DESCRIPTION (Applicant's Abstract): Although excessive proteolysis is a key element in the pathogenesis of emphysema, pathways of protease dysregulation in this disorder remain uncertain. New studies implicate lymphocyte-derived cytokines in emphysema. Interferon-y acts on macrophages as well as non-inflammatory cells such as smooth muscle cells to promote expression and secretion of the active cysteine protease cathepsin S, a potent elastase stable at neutral pH. Transgenic mice expressing either IL-13 or interferon-y on airway surfaces develop cysteine protease-dependent emphysematous changes. Further, a significant correlation was recently found between serum levels of cystatin C, the major cysteine protease inhibitor, and severe reductions in FEV1 (<20 percent predicted) in a cohort of 30 patients with early-onset emphysema compared to controls with normal FEV1 and comparable smoking history. These studies invite the hypothesis that pro-inflammatory cytokines and possibly cigarette smoke stimulate mesenchymal lung cells and macrophages to secrete elastolytic cysteine proteases and downregulate their cystatin C release. This imbalance creates an accelerated process of collagen and elastin degradation important to the development of emphysema and COPD. The research plan is centered on the question of whether dysregulation of elastolytic cathepsins is important to the pathogenesis of emphysema. Parallel tracks of animal and human experiments are proposed: Mouse cathepsin S/L and cystatin C "knockouts" are used in Aims 1 and 2 to answer the question of whether excess elastolytic cathepsin activity exacerbates the development of interferon-y-induced emphysema and whether mesenchymal cells in the lung are a source of these enzymes. Aim 3 is designed to determine if low levels of cystatin C and/or polymorphic markers in or near the major genes regulating cystatin C (and elastolytic cathepsins) are associated with increased risk of COPD. Together, these studies should determine if some patients with early-onset COPD can be grouped, based on either phenotypic (cystatin C) or genetic markers, into a functional subset defined by a common pathogenic pathway involving dysregulation of elastolytic cathepsins.
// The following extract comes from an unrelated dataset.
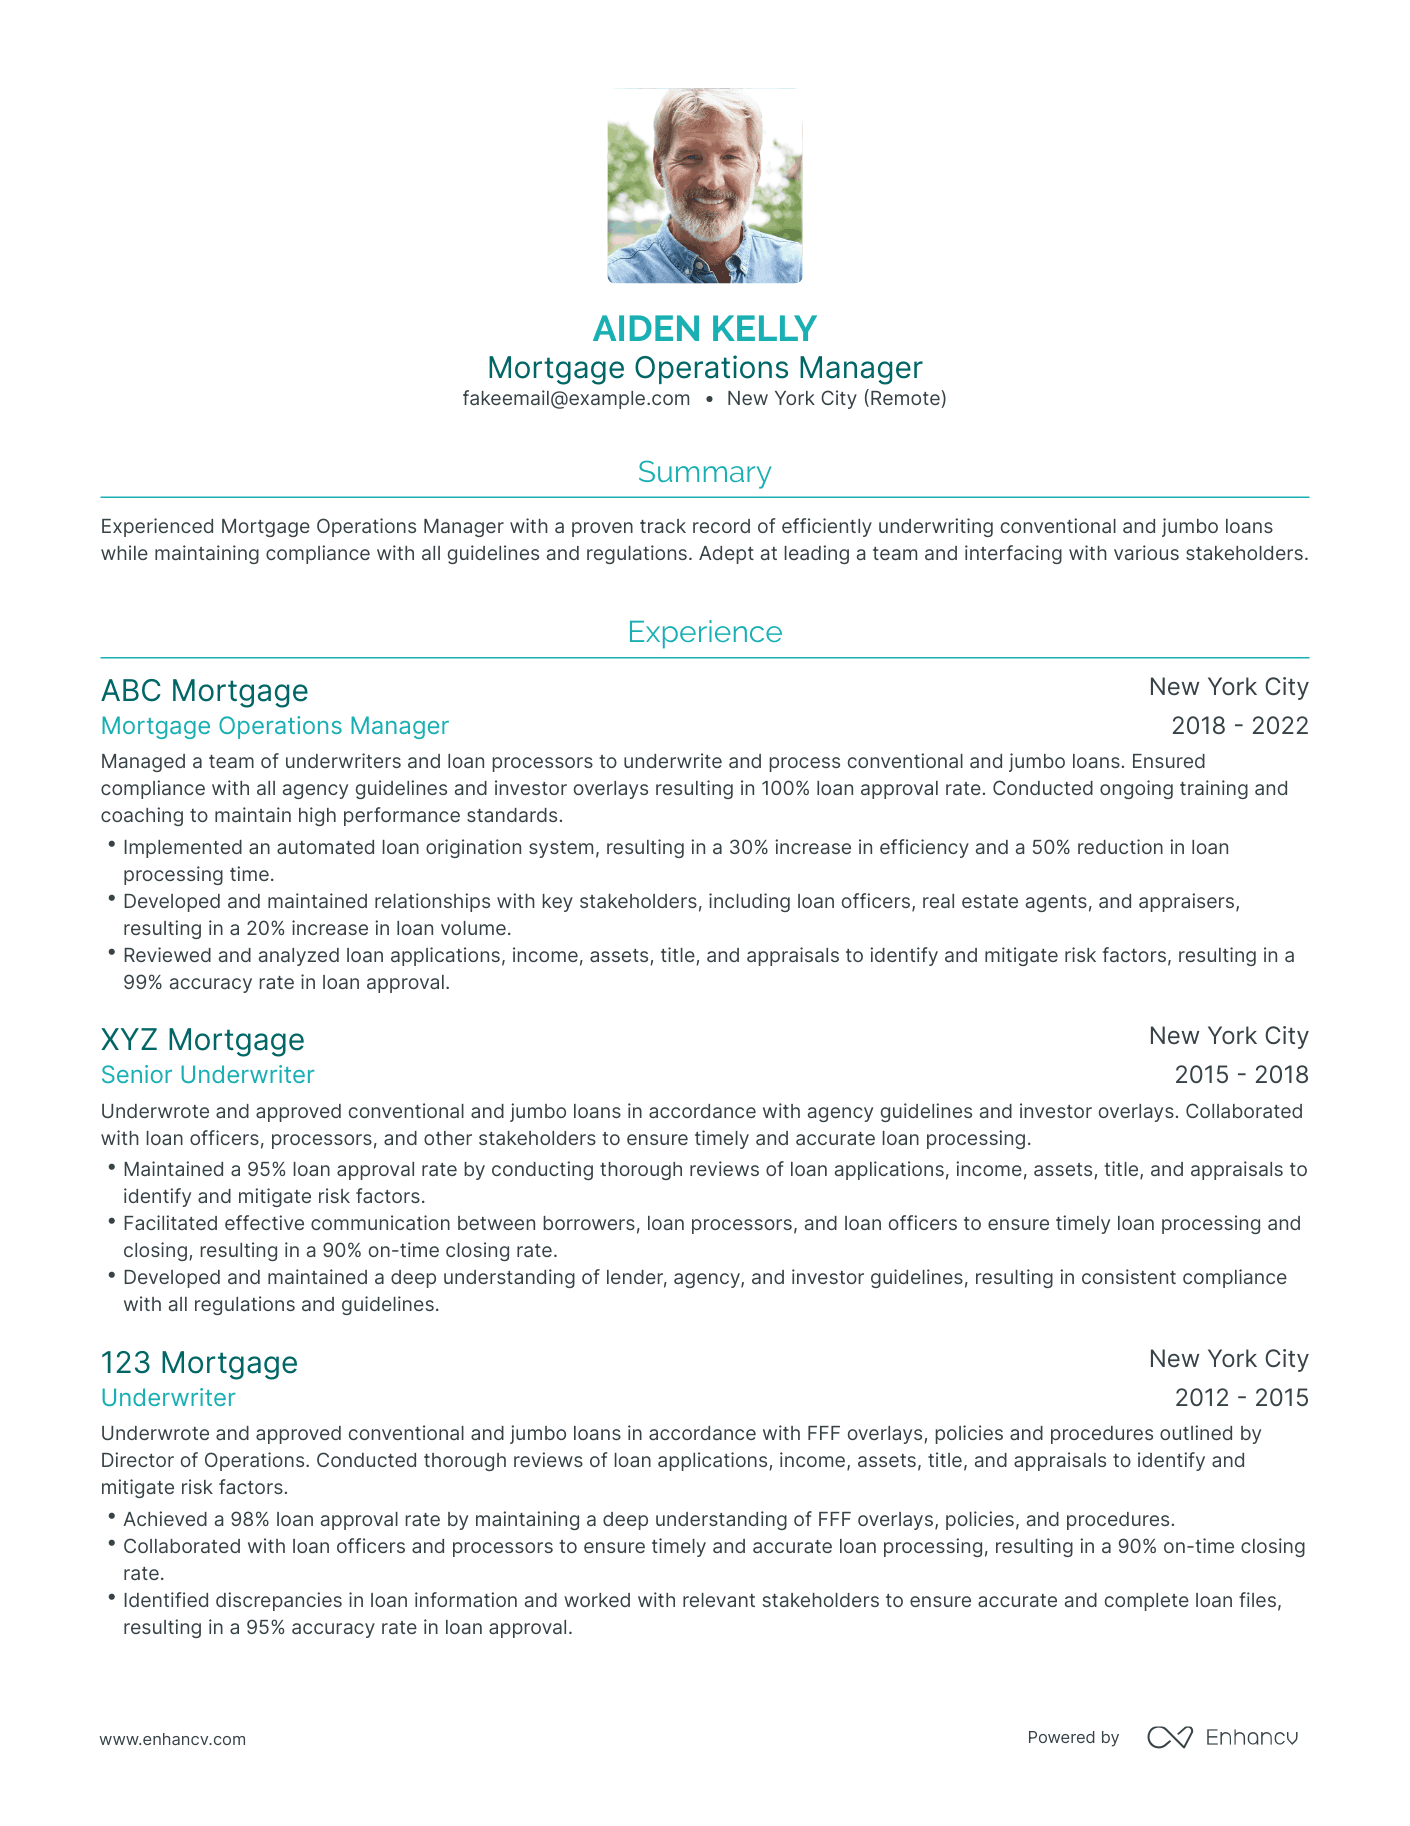 Traditional Mortgage Operations Manager Resume Template

描述（申请人的摘要）：尽管过度蛋白水解是关键 肺气肿发病机制中的因素，蛋白酶失调的途径 这种疾病仍然不确定。新研究表明淋巴细胞衍生 肺气肿中的细胞因子。干扰素-y 作用于巨噬细胞以及 非炎症细胞，如平滑肌细胞，促进表达和 分泌活性半胱氨酸蛋白酶组织蛋白酶 S，一种有效的弹性蛋白酶稳定剂 在中性pH值下。表达 IL-13 或干扰素-γ 的转基因小鼠 气道表面出现半胱氨酸蛋白酶依赖性肺气肿变化。 此外，最近发现血清水平之间存在显着相关性。 半胱氨酸蛋白酶抑制剂 C（主要的半胱氨酸蛋白酶抑制剂）和严重减少 30 名早发型患者的队列中的 FEV1（< 预测值的 20%） 与具有正常 FEV1 和类似吸烟史的对照组相比，出现肺气肿。 这些研究提出了这样的假设：促炎细胞因子和 香烟烟雾可能会刺激间充质肺细胞和巨噬细胞 分泌弹性半胱氨酸蛋白酶并下调其胱抑素 C 发布。这种不平衡导致胶原蛋白和弹性蛋白的加速过程 降解对于肺气肿和慢性阻塞性肺病的发展很重要。研究 该计划的核心问题是弹力松解调节是否失调 组织蛋白酶对于肺气肿的发病机制很重要。平行轨道 提出动物和人体实验：小鼠组织蛋白酶 S/L 和胱抑素 C 目标 1 和 2 中使用“淘汰”来回答是否过量的问题 弹性组织蛋白酶活性加剧了 干扰素 y 诱发的肺气肿以及肺中的间充质细胞是否是一种 这些酶的来源。目标 3 旨在确定低水平是否 半胱氨酸蛋白酶抑制剂 C 和/或多态性标记位于或靠近主要调节基因 胱抑素 C（和弹力组织蛋白酶）与以下风险增加相关： 慢性阻塞性肺病。总之，这些研究应该确定一些患者是否患有 早发性 COPD 可根据表型（胱抑素 C）或 遗传标记，转化为由常见致病性定义的功能子集 涉及弹性组织蛋白酶失调的途径。